Checking if there are missing dates is more complicated since it
depends on the frequency of the data. Sometimes plotting can help spot
large gaps. nixtlar
has a plotting function called
nixtla_client_plot
that can be used for this.
However, this method is ineffective when the missing dates are not continuous. One possible solution is to compare the dates for every unique id with a vector of dates generated using the start date, the end date, and the frequency of your data. This requires knowing such information, which can become tricky when working with hundreds or thousands of time series.

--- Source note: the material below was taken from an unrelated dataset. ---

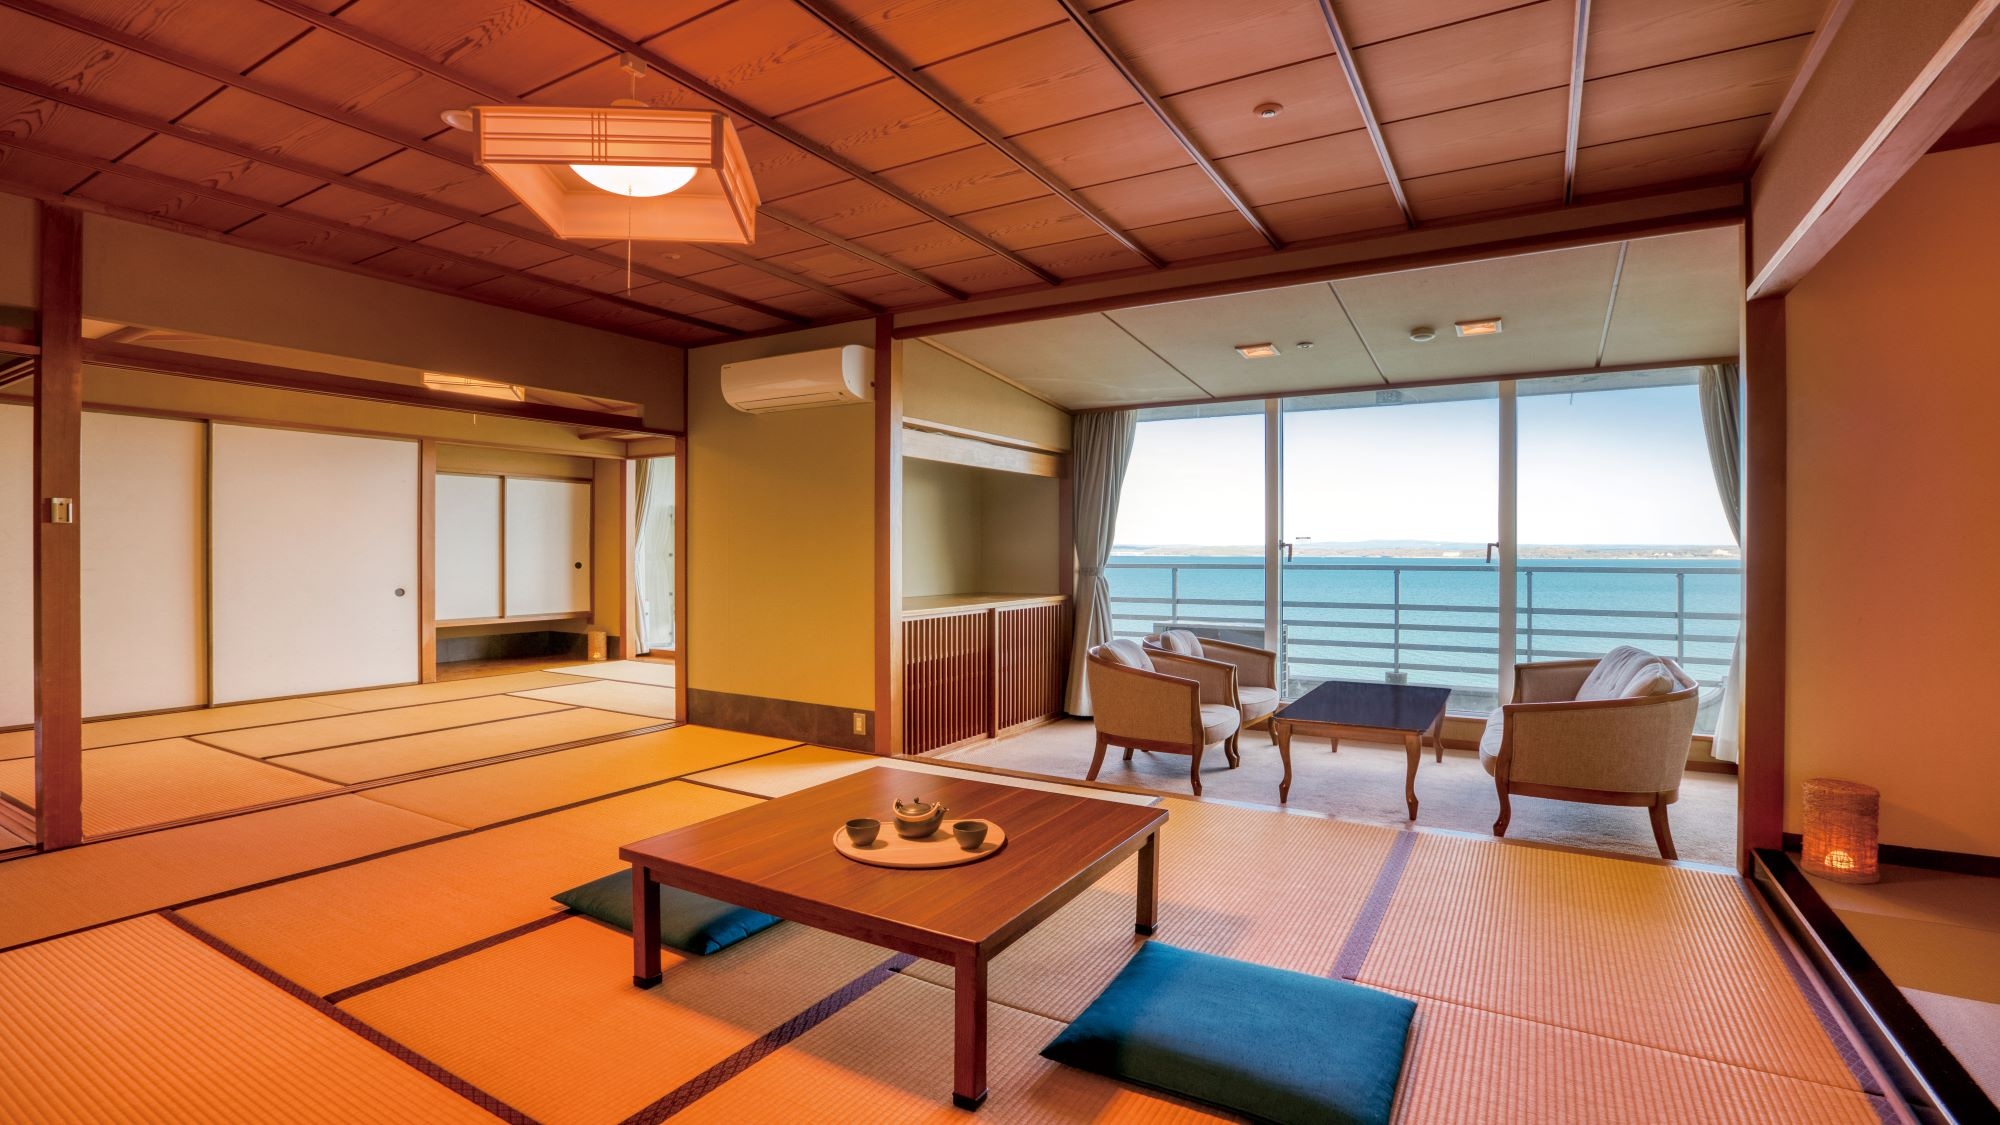 Junior Suite ห้องสไตล์ญี่ปุ่น 2 ห้อง * ตัวอย่างห้องพัก

2. Specifying the frequency of your data
The frequency parameter is crucial when working with time series data
because it informs the model about the expected intervals between data
points. The core functions of nixtlar
that interface with
TimeGPT
, such as nixtla_client_forecast
,
nixtla_client_historic
,
nixtla_client_detect_anomalies
, and
nixtla_client_cross_validation
, include a frequency
parameter called freq
, which has a default value of
NULL
. If you know the frequency of your data, please
specify it. If you don’t, nixtlar
will try to deduce it
from the data using the nixtlar::infer_frequency
function.
The freq
parameter supports the following aliases:
Frequency | Alias |
---|---|
Yearly | Y |
Quarterly | Q, QS, or QE |
Monthly | M, MS, or MS |
Weekly (starting Sundays) | W |
Daily | d |
Hourly | h |
Minute-level | min |
Second-level | s |
Business day | B |
In this table, QS and MS stand for quarter and month start, while QE and ME stand for quarter and month end. For quarter-end, the following dates are used.
End of Quarter Dates |
---|
YYYY-03-31 |
YYYY-06-30 |
YYYY-09-30 |
YYYY-12-31 |
For month-end, the last day of each month is used.
Hourly and sub-hourly frequencies can be preceded by an integer, such as “6h”, “10min” or “30s”. Only the aliases “min” and “s” are allowed for minute and second-level frequencies.
df <- nixtlar::electricity
# infer the frequency when `freq` is not specified
fcst <- nixtlar::nixtla_client_forecast(df, h = 8, level = c(80,95)) # freq = "h"
#> Frequency chosen: h